The following deep breathing exercise will decrease emotional stress, promote muscle relaxation, ease pain, and facilitate better sleep and energy levels:

  1. Assume rest position of jaw: keep tongue up, resting lightly on the upper palate and behind the two upper teeth.
  2. Rapidly exhale all the air from your lungs, through your mouth, with your lips in a pursed position, so that you make a "whoosh" sound.
  3. Inhale through your nose, into your abdomen* (not your upper chest), for a count of 4.
  4. Hold for a count of 7.
  5. Exhale slowly, through your mouth, again making a "whoosh" sound, for a count of 8.
  6. Repeat steps 3–5 for a total of 4 cycles.
  7. Perform this exercise at least 3 times each day, throughout the day, while sitting, standing, walking, driving, waiting in a line; anytime you're feeling anxious or stressed out.
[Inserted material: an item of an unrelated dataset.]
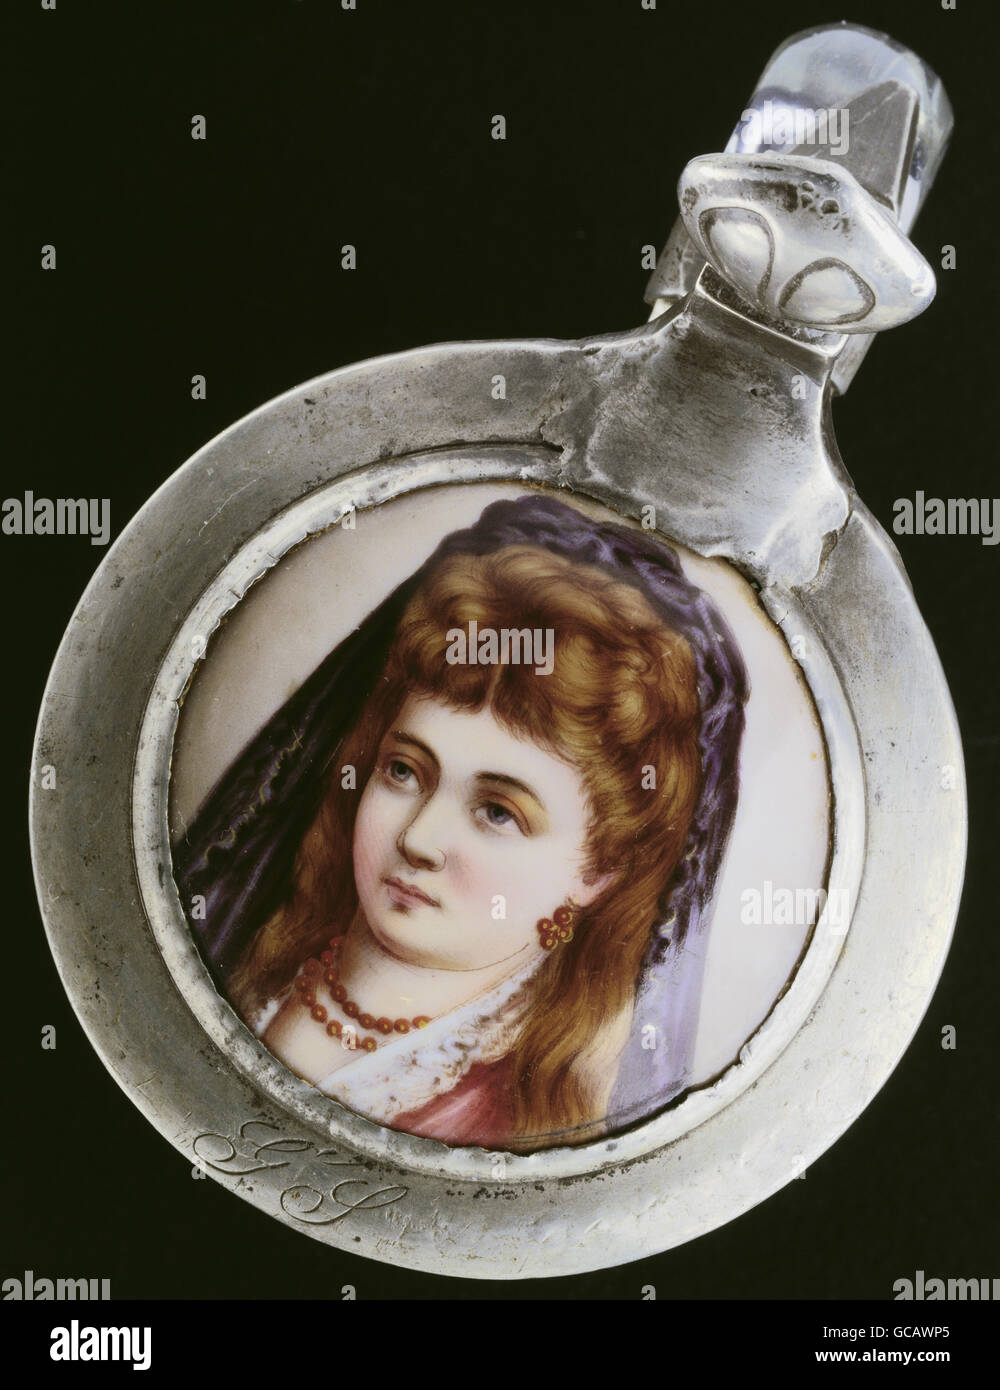 Bildende Kunst, Malerei, malte Krug Bierdeckel, Porzellanmalerei, Portrait einer Dame, Deutschland, 2. Hälfte 19. Jahrhundert Stockfoto

Also do the exercise once or twice per day for 5–10 minutes while lying down on your back with your knees bent.

*To train abdominal breathing, place one hand on your abdomen, and the other on your upper chest, and focus on directing the inhalation of air into your abdomen. It may be helpful at First to actually push your abdomen out as you inhale. Be patient. As with any new skill, abdominal breathing takes some practice. Keep in mind that the goal is relaxation, so don't try too hard.